When I was in school, girls took a home economics class and boys took wood shop. I still remember the three projects required in my home economics course. I had to make a dress. I had to cook a meal. And I had to make a budget for living on my own that included finding and furnishing an apartment. That third lesson has stayed with me for life. Over the years, those home economics courses have morphed into consumer economics courses featuring significant lessons in practical mathematics.11 And more states are now requiring financial education for boys and girls as part of the mandatory curriculum.
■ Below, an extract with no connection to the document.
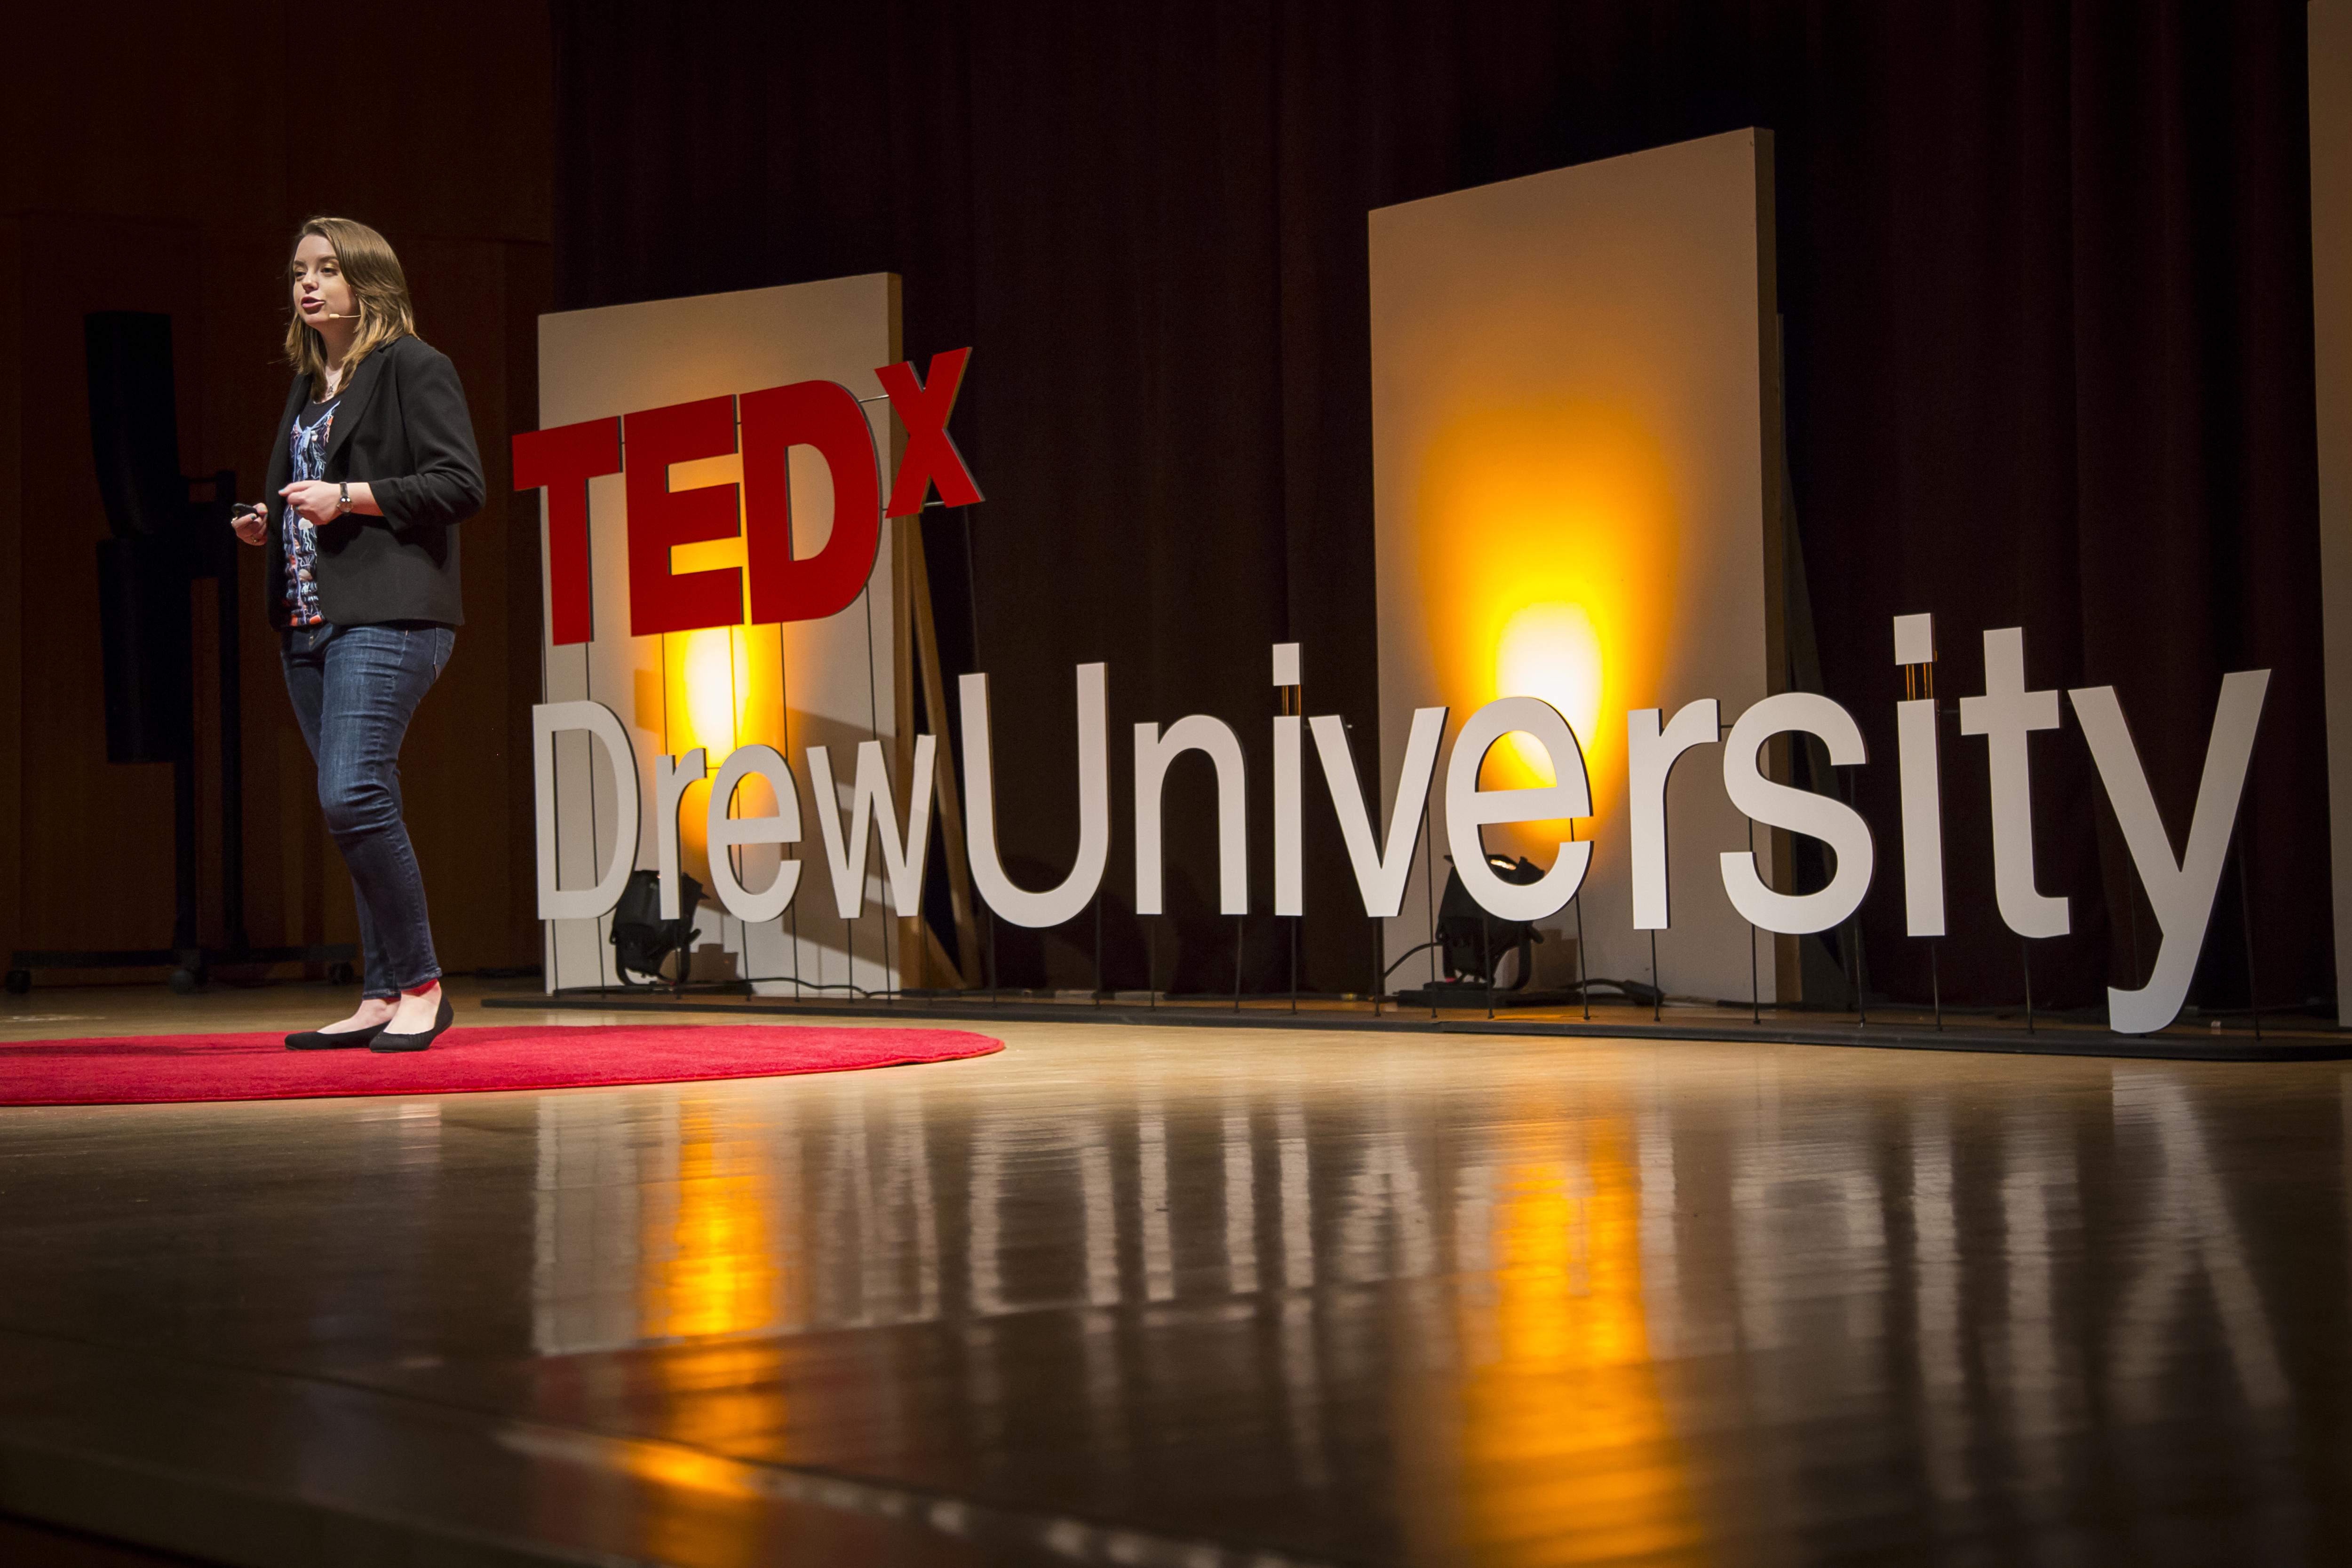 LD_041418_TedX_Drew University_0334
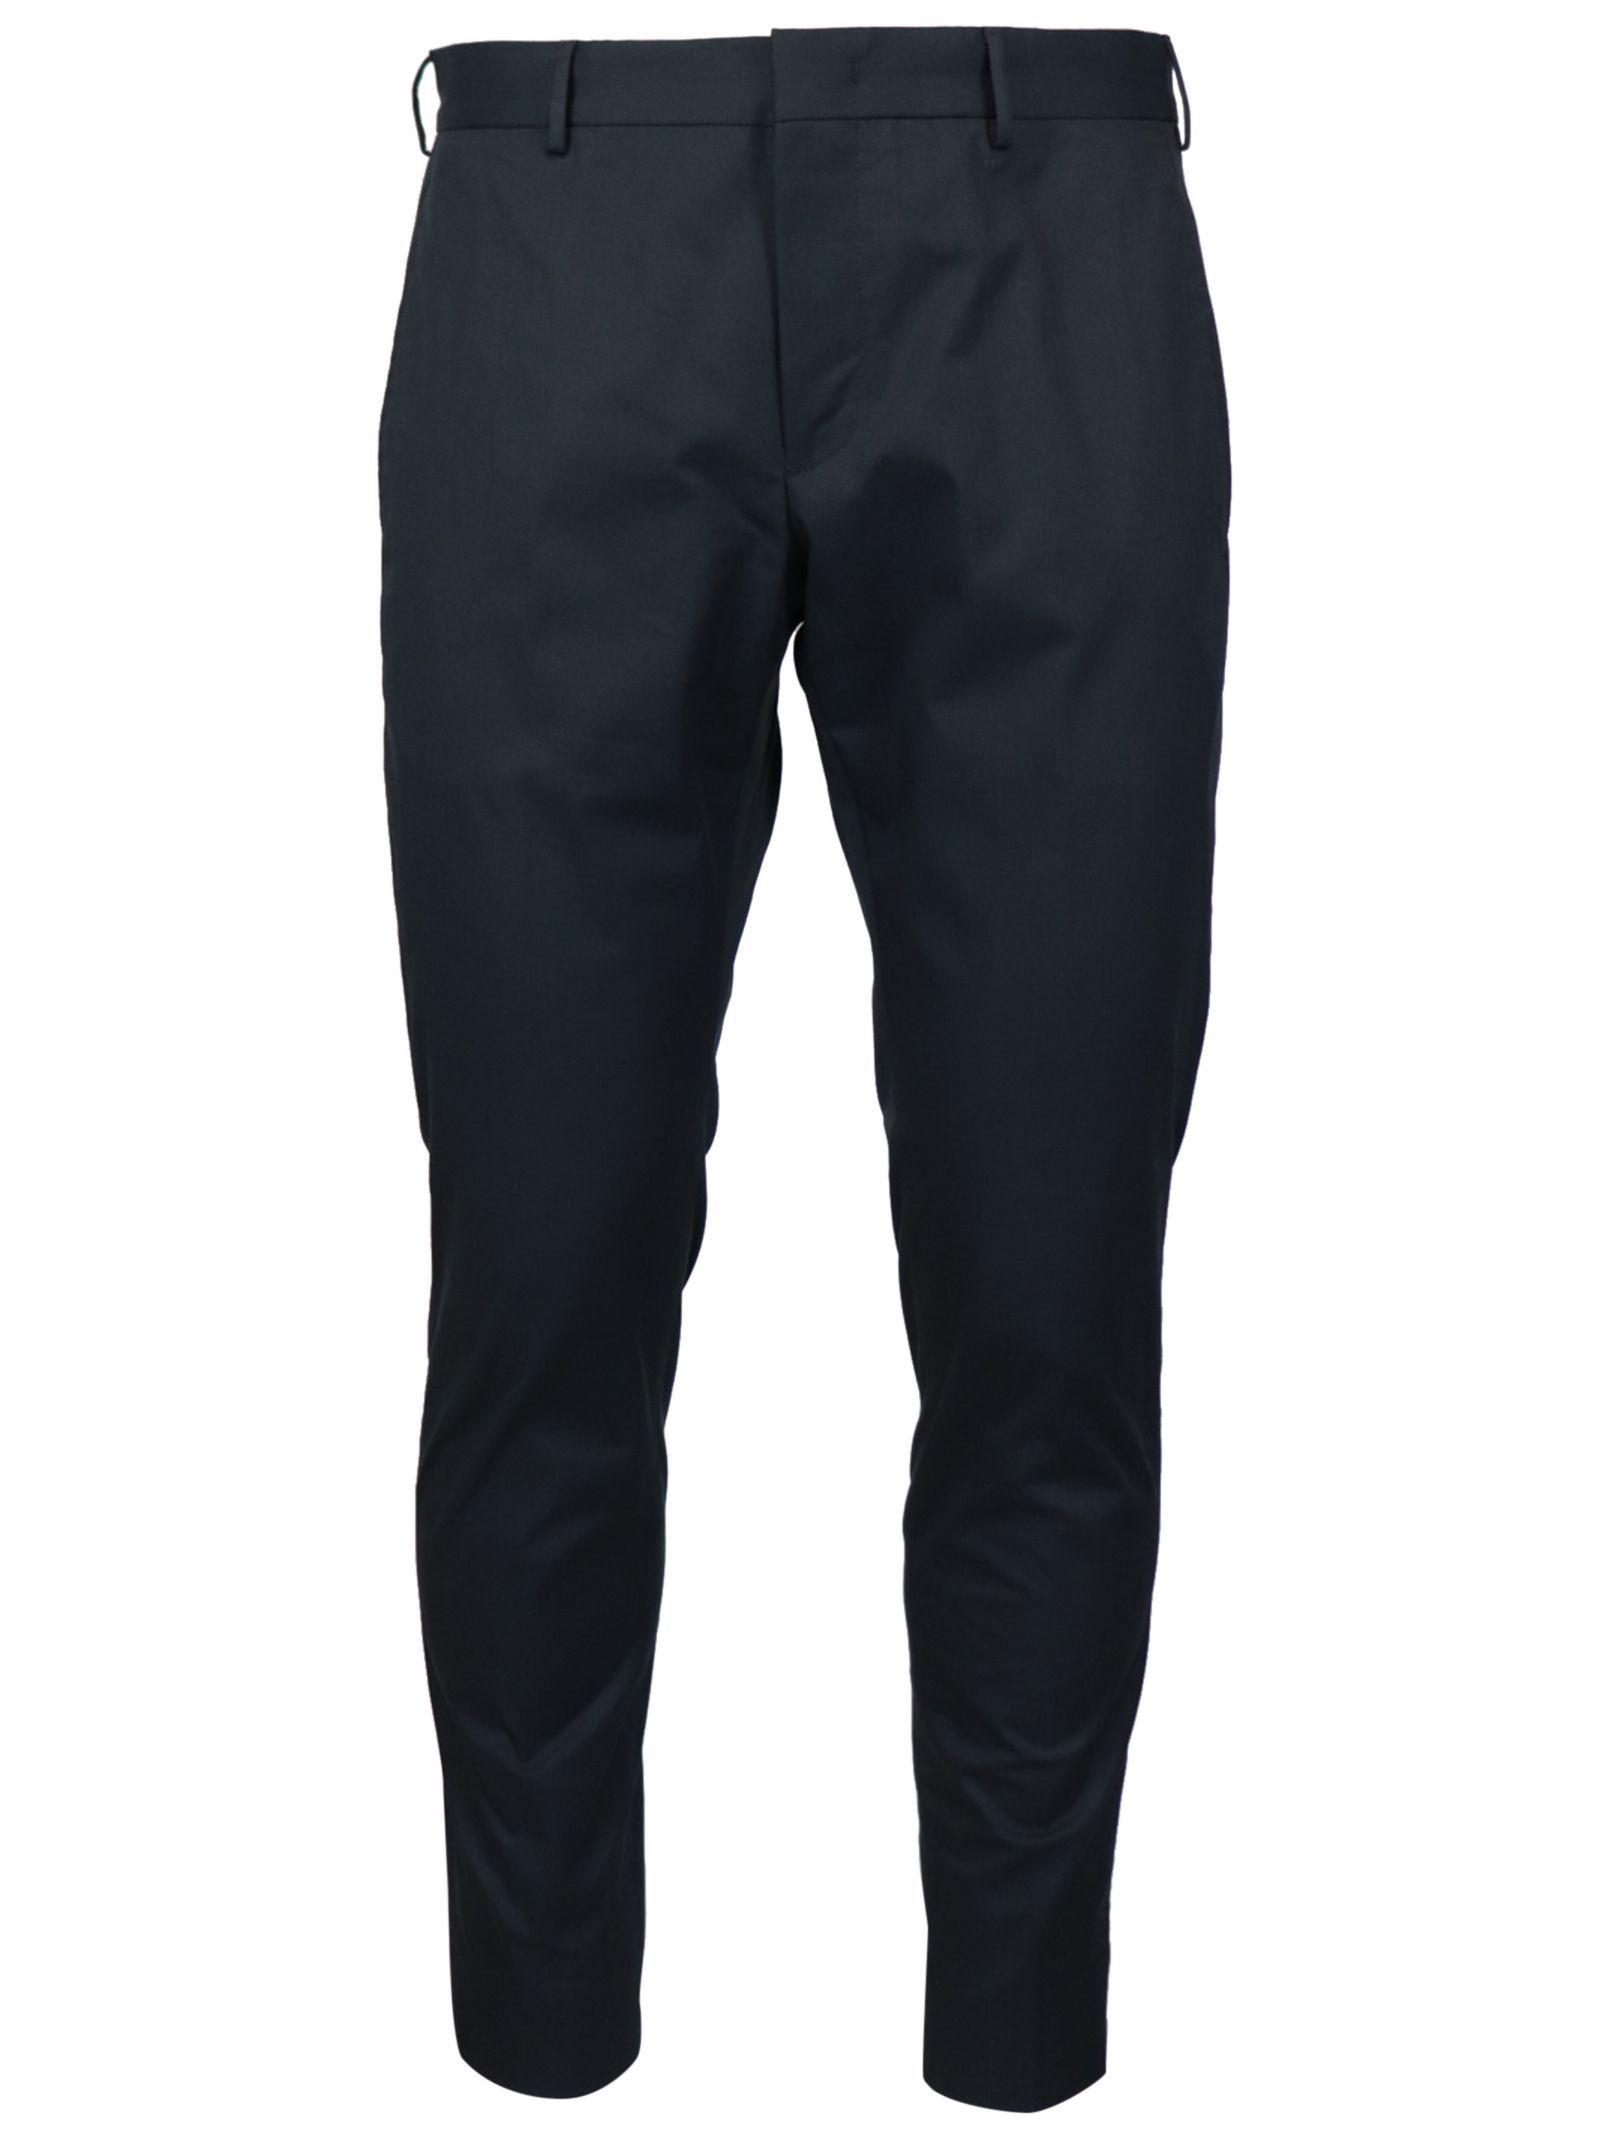 PT01 MEN'S COASEPZE0KLTMP45360 BLUE COTTON PANTS

More important than the actual math is the increasing complexity of financial services, products, and instruments. In a world where decisionmaking involves not just making a choice between two types of savings instruments or investment products, but dozens, the issue is less about being able to do the math and more about being able to decipher the terms and conditions of financial instruments. Being able to find good information and reliable advice is a key component of good outcomes. This is an area where I am pleased to say the Federal Reserve can be of some assistance. At the Federal Reserve, we have responsibility for designing many consumer disclosures, and we have made great strides recently to make those disclosures more understandable. In addition, we have written rules banning many of the confusing practices in financial services that could not be adequately explained in disclosures. We also provide helpful tools and information on our website, http://www.federalreserve.gov. I hope you remember to take advantage of our resources whenever you need information concerning credit and savings products, financial planning, and investment decisions.

To read the entire remarks given by Elizabeth Duke click here.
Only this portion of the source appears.